▶ _Supplied records_:
--- START ---

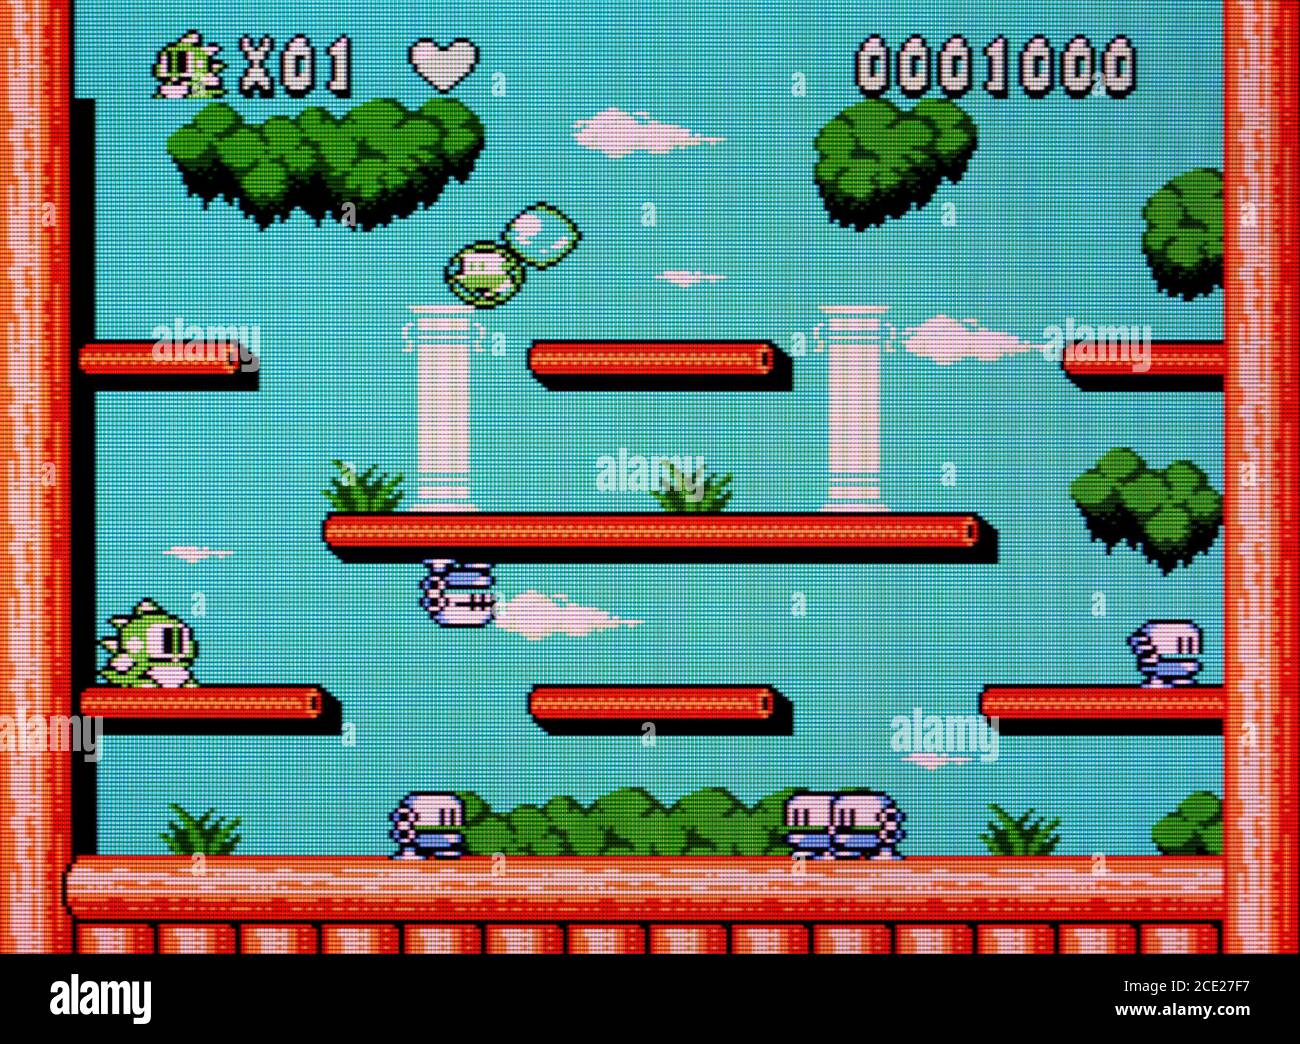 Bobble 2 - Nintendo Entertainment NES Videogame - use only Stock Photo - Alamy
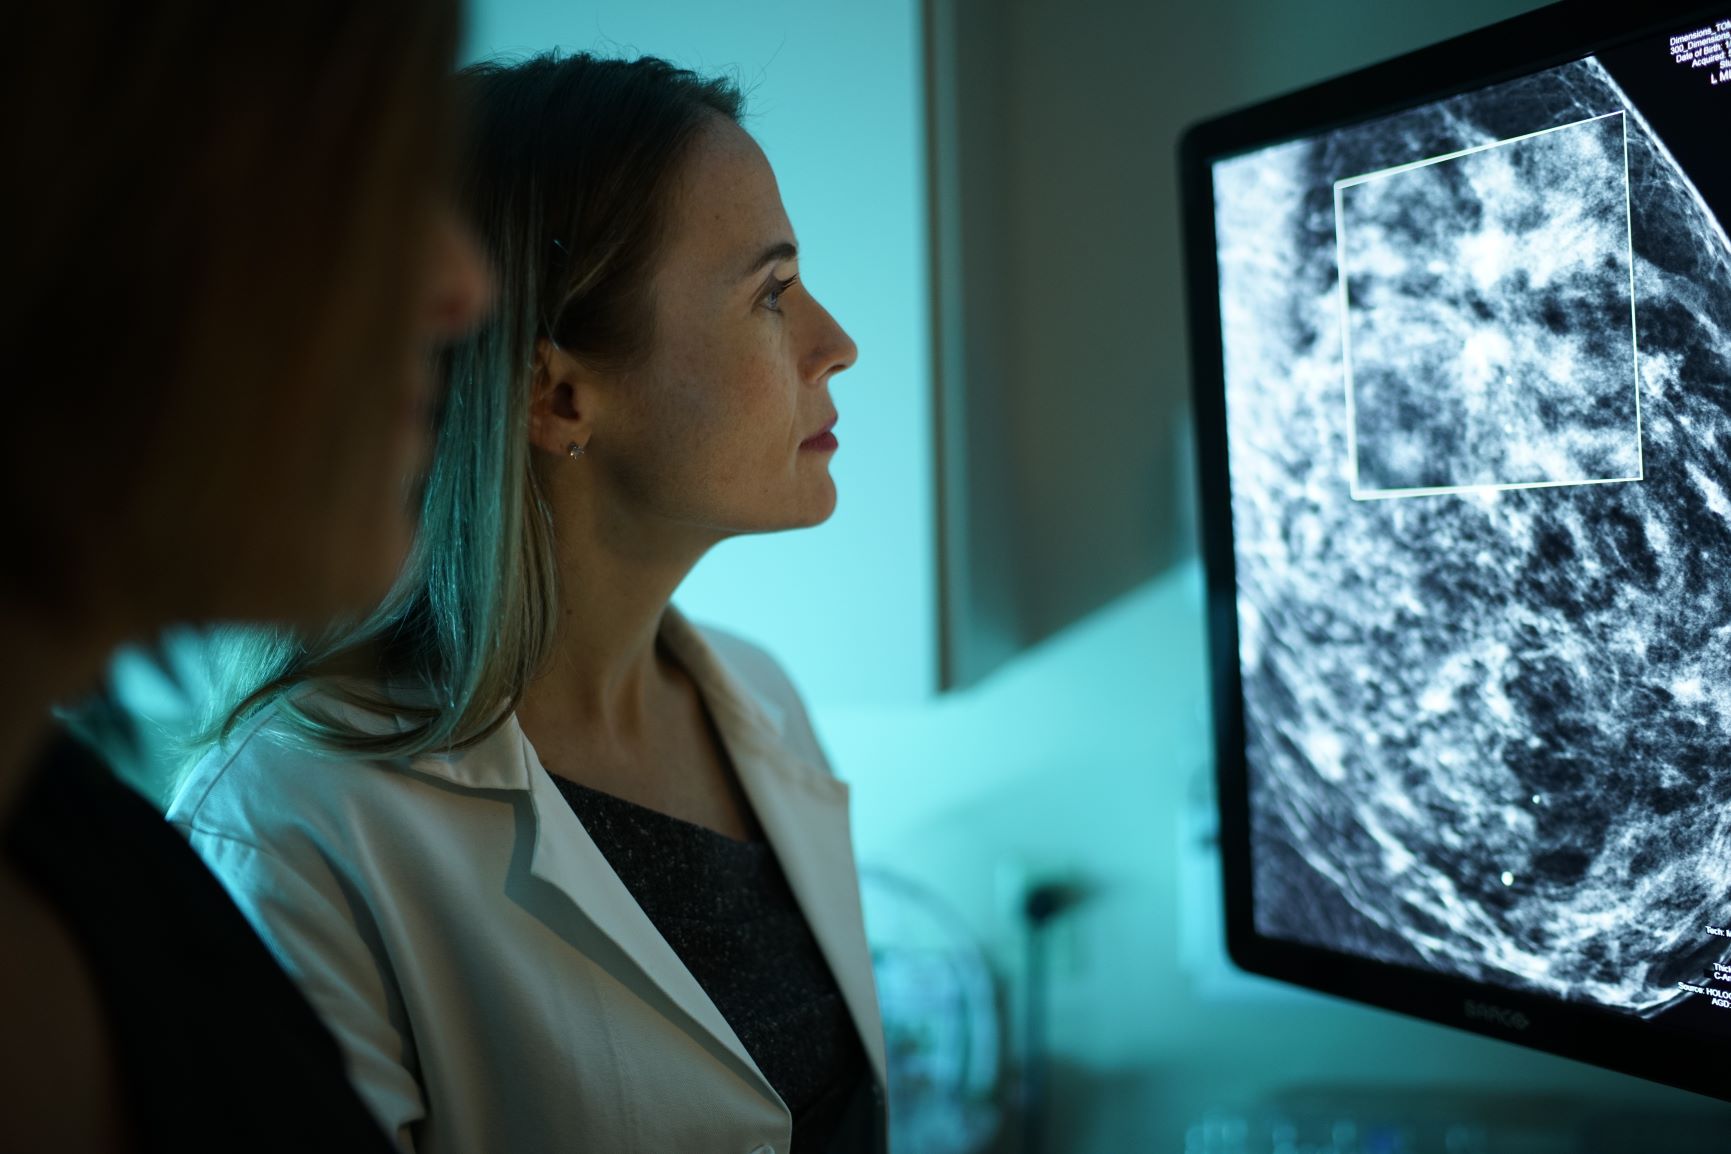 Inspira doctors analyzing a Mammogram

--- END ---
--- START ---

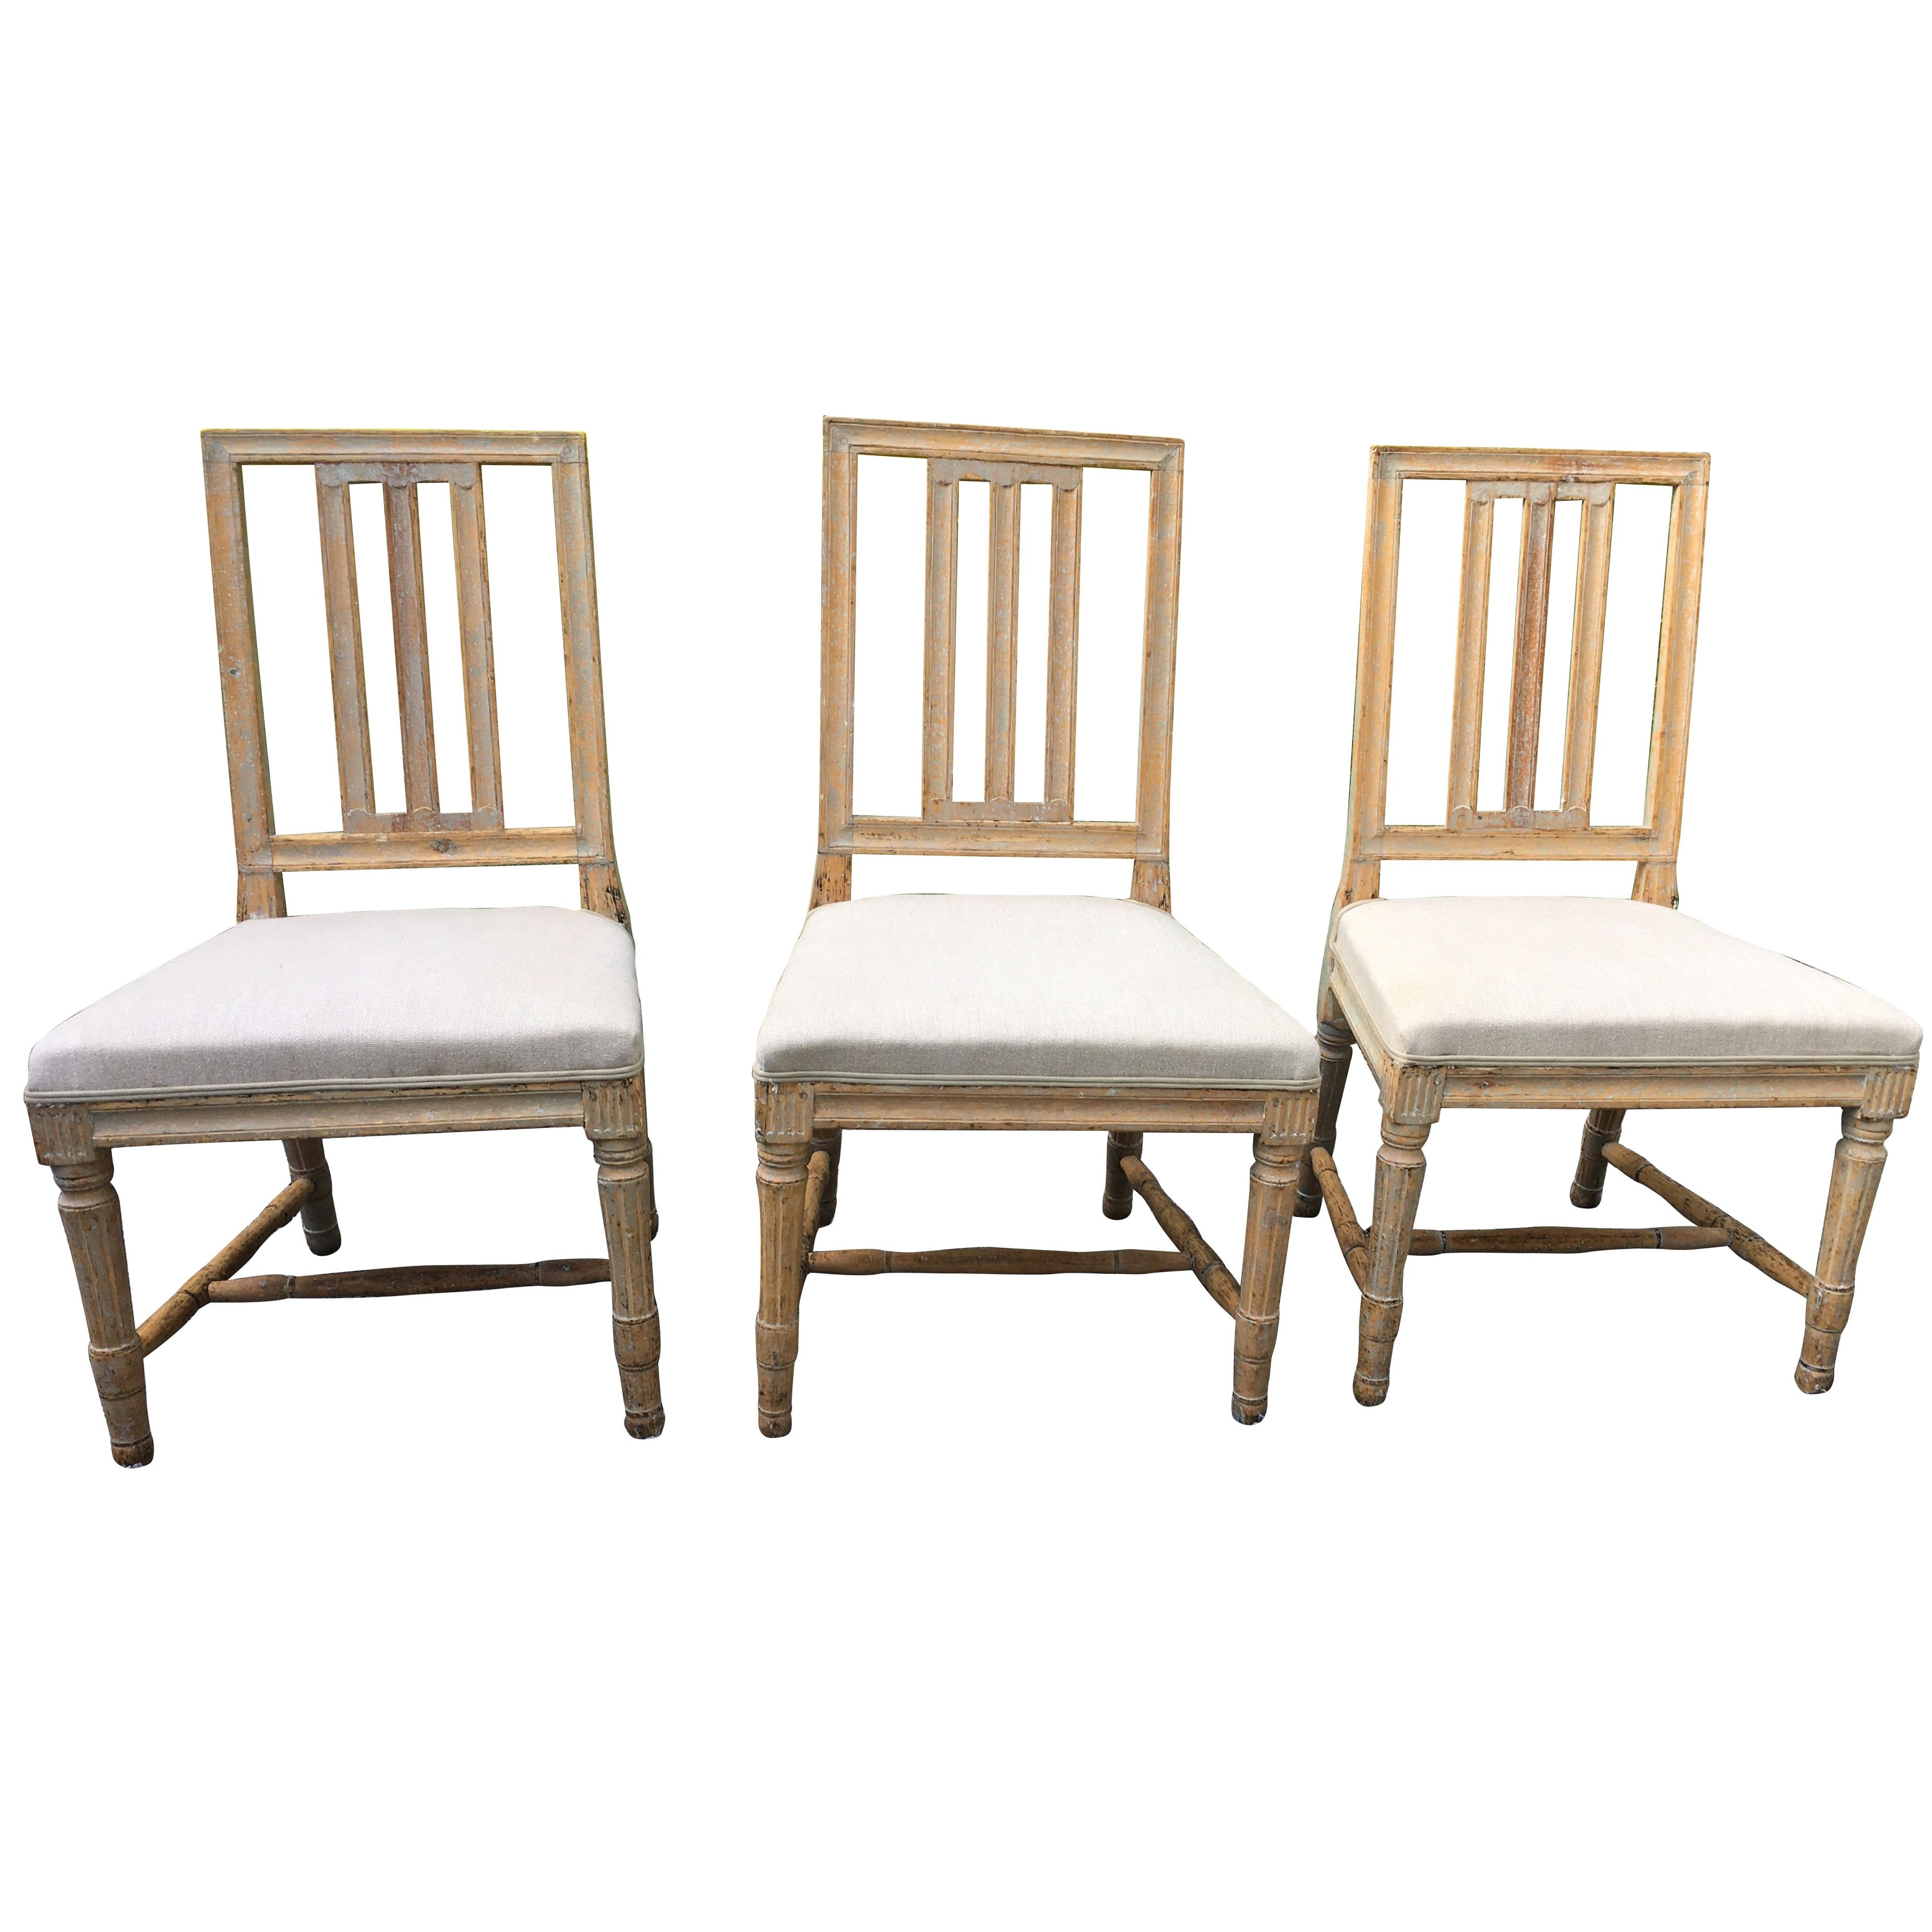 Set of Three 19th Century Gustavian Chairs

--- END ---

Set the pictures aside and reproduce exactly the lines above, from the line holding "Bobble 2 - Nintendo" through the line holding "Inspira doctors analyzing a Mammogram", both included, with nothing else.

▶ _Response area_:
 Bobble 2 - Nintendo Entertainment NES Videogame - use only Stock Photo - Alamy
 Inspira doctors analyzing a Mammogram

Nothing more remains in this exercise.